Seeing Graphs in Smart Data Lakes

Data lakes are synonymous with Hadoop to many people grappling with the promise and the peril of big data. That’s not surprising, considering Hadoop’s unparalleled capability to gobble up petabytes of messy data. But for Barry Zane and other folks at Cambridge Semantics, data lakes are taking on a decidedly graph-like appearance.
Cambridge Semantics, which acquired Zane’s latest startup SPARQL City earlier this year, is beginning to talk about its concept of the smart data lake. The data lake concept is a well-worn one by now. The “smart” part, you may have guessed, owes to the semantic aspect of how the data is stored, how it’s connected to other data in the lake, and the way it impacts how people can extract meaningful information from it.
To Zane’s way of thinking, those who can get the most insights with the least amount of effort have an advantage. Of course, this has always been the case. But the telling part is the fact that Zane—who was founder and CTO of ParAccel (acquired by Actian) and a co-founder and VP of architecture at Netezza (acquired by IBM)–sees graph databases and graph analytic technology as the best way to get there for at least the next 10 years.
“We strongly believe that this is an extremely effective approach, a future-proof approach,” Zane tells Datanami. “Just as Hadoop basically came of maturity because relational just wasn’t able to work with a certain class of question and wasn’t able to work at a certain scale, we pursue those classes of questions and scale using the graph standards, at an incredible cost and performance advantage, as compared to hiring programmers for every question and analytic you want to perform.”
From Relational to Graph

Barry Zane, vice president of engineering for Cambridge Semantics
Zane, who is Cambridge Semantics vice president of engineering, sees graph databases—such as the Anzo Graph Query Engine–as a natural evolution from relational databases, which he says have developed some pretty powerful analytic capabilities themselves over the past 40 years.
“Without a doubt what we’re doing is educated by learning from Netezza, educated from learning from ParAccel.

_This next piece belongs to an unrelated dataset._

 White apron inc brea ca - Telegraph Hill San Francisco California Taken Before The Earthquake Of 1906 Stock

So I really see it a just an evolution,” Zane says. “The difference is you’re able to ask more interesting question of your data. You’re able to find relationships that are otherwise nearly to impossible to find.”
The core problem with relational database technologies—even the massively parallel processing (MPP) technologies that he championed at ParAccel (which powers Amazon’s Redshift data warehousing service) and Netezza (which IBM has renamed into something that nobody can ever remember)—is the ease at which advanced analytics can be performed, and the length of time it takes to get answers back.

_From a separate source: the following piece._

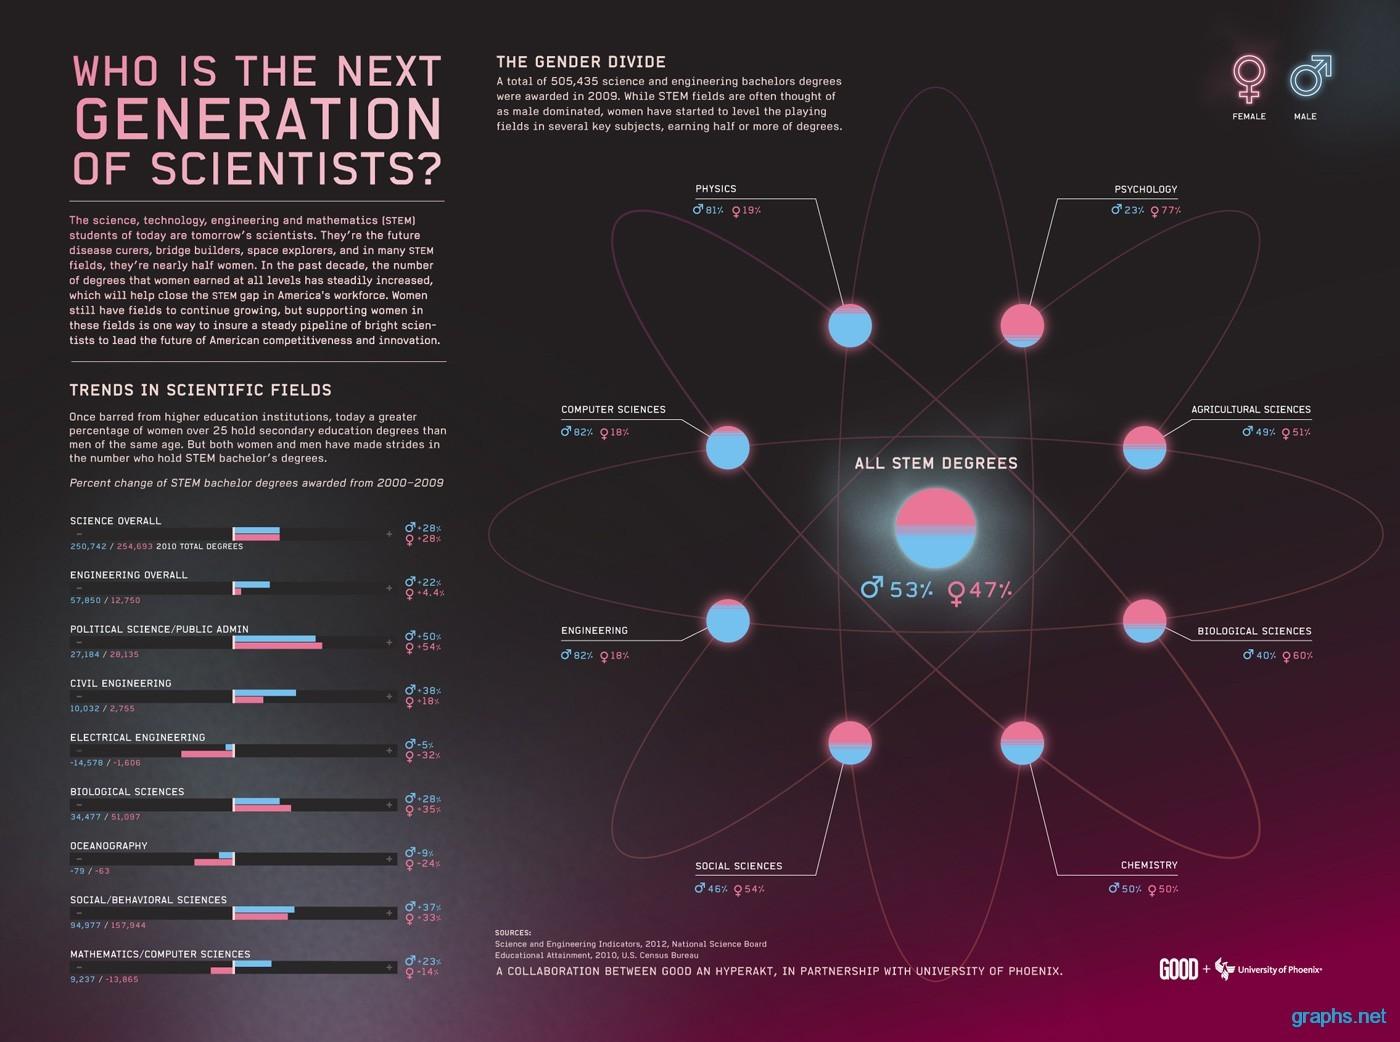 Trends in Scientific Field

“Being a longtime relational guy, one of the great things about the relational database is that you don’t need to be programmer. You’re able to work with the database through either a set of application layer tools or in the SQL language,” he says.
“The best way to think of SPARQL and RDF is that they’re just the next evolution of relational database SQL,” he continues. “That’s the way I think about it, and that’s what got me excited because you can have people who are not super high trained programmers be able to post queries of the data in a matter of minutes or hours and get back response in a matter of seconds or minutes, as opposed to hiring very highly trained and expensive programmers for any given query.”
Graph As Oracle
Zane sees graph databases giving us oracle-like powers to start with one set of facts and to drill outward to ask innumerable other questions from huge and connected data sets. That kind of power has never been available on a widespread basis, but graph is quickly making it possible, and having an impact in multiple industries.
For example, say you’re a retailer selling sweaters, and you want to know how many sweaters to stock. A graph database can let you easily add other data sets, such as weather forecasts or social network data, which can let you spot trends and adapt to changing demand.
“Graph databases, and the technology behind graph databases and graph analysis, is all about working with that kind of stuff and being able to add in additional graphs of information, like demographics, weather, geographic information, and so forth,” Zane says. “It’s obviously very relevant in the life sciences space, where you might be relating genetic aspects to drug effectiveness to drug marketing, clinical trials and so forth. Likewise in financial services around trades. In national security [it helps to] find who the bad guys are.”
Data Rich, Insight Poor
Most of us are data rich these days, but insight poor, says Cambridge Semantic vice president of marketing John Rueter.
“The explosion of data is causing a great deal of pain to organizations,” he says. “Most organizations have been very good at collecting and storing information, but really have not done a very good job of making sense of that data and then being able to perform analytics on top if it.”
End users who are accustomed to having practically limitless amounts of data available to them will eventually come to depend on the capability of graph analytics to navigate it and make sense of it, he says.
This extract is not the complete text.